Low performance for calculation of dense layers

Question

Created Nov ’21

Replies 2

Boosts 0

Participants 3

Hi, I have some latest experiment which may indicate low performance issues when using Dense layer on the M1 Max (this is a follow-up issue about my previous question ).

import tensorflow as tf
from tensorflow.keras import Model, layers
import numpy as np
from tqdm import tqdm

class NeuralNet(Model):
    # Set layers.
    def __init__(self):
        super(NeuralNet, self).__init__()
        # First fully-connected hidden layer.
        self.fc1 = layers.Dense(8192 * 8 * 2, activation=tf.nn.relu)

    # Set forward pass.
    def call(self, x):
        return self.fc1(x)

# Build neural network model.
neural_net = NeuralNet()
batch_size = 1024
x = np.random.rand(batch_size, 256)
for _ in tqdm(range(10000000)):
    neural_net(x)

The above code runs at 17.06it/s on the M1 Max chip and 168.04it/s on the Zotac RTX 3090. Both gpu utilisation of M1 max and RTX 3090 is 100%. The wattage usage for M1 max is 44.5W and 340W for RTX 3090. The M1 max is much slower compared to RTX 3090 (10% the performance of RTX 3090 which shouldn't be the case, it should be roughly 30% of a RTX 3090).

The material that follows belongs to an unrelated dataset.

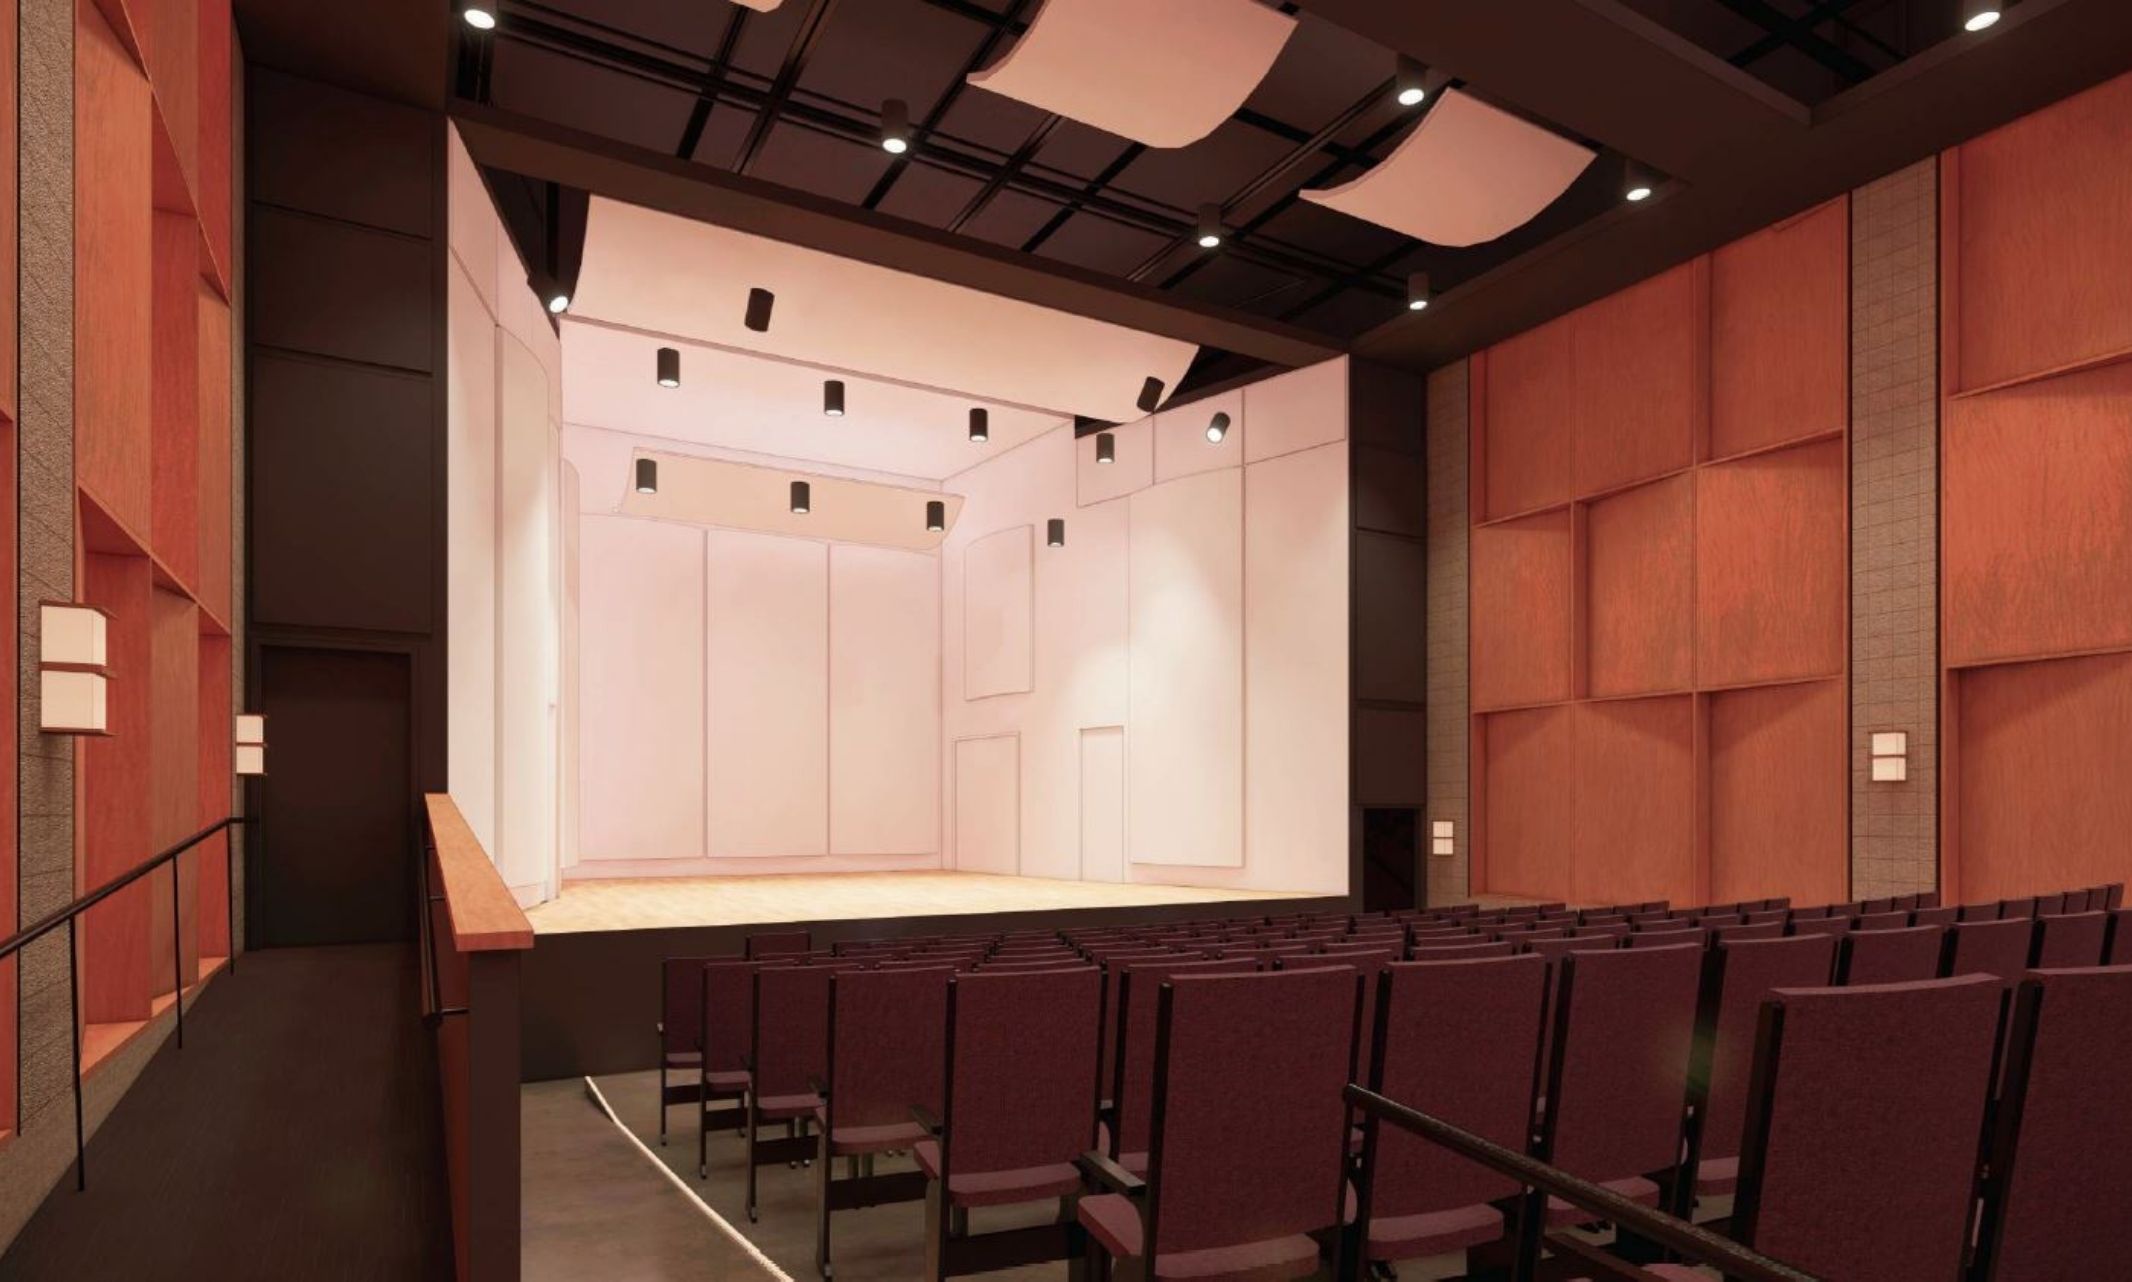 Rendering of new Grant Hall recital hall space - shows stage with empty recital hall seats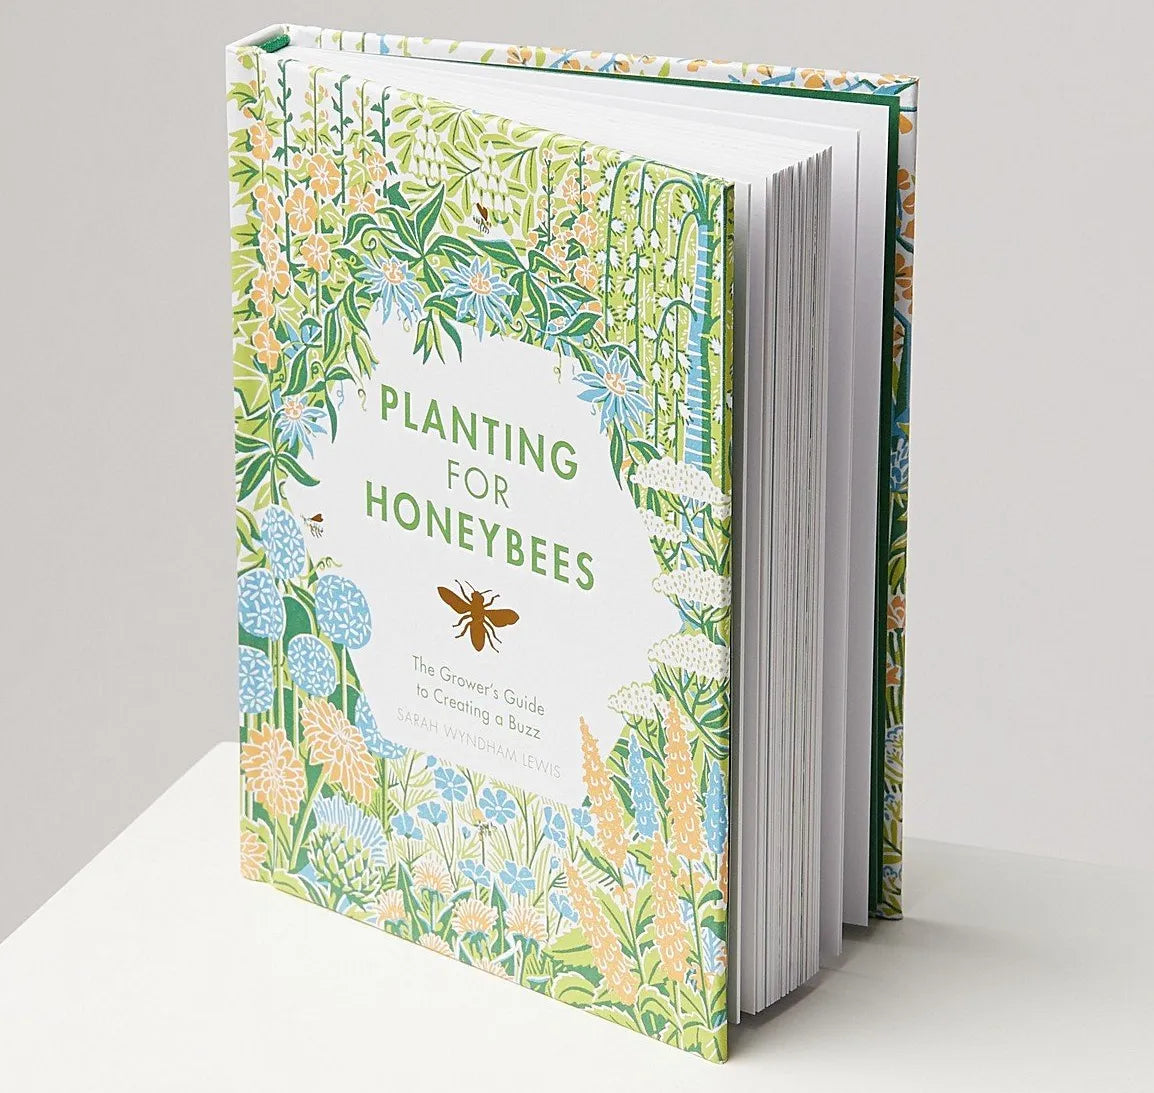 Planting for Honeybees book by Sarah Wyndham

Here is the detailed performance comparsion of a RTX 3090 / M1 max for different batch size used which shows RTX 3090 is roughly 10 times faster than a M1 max and even faster for bigger batch size:

Notice that the batch size of above experiments is already big enough. Please test the above experiments and fix the problems. Thanks.

Boost

Answer 1

Frameworks Engineer OP

Apple

Dec ’21

Thank you for sharing your observations. We are investigating this. Please file a request through Feedback Assistant and post it here.

0

Answer 2

hxssg1124 OP

Dec ’21

I submitted the issue and the feedback ID is: FB9803715. Thanks for investigating the issue. I plan to redo the experiments using matrix multiplication instead of Dense layers to see whether the issue is specifically for using Dense layers and will update here.

0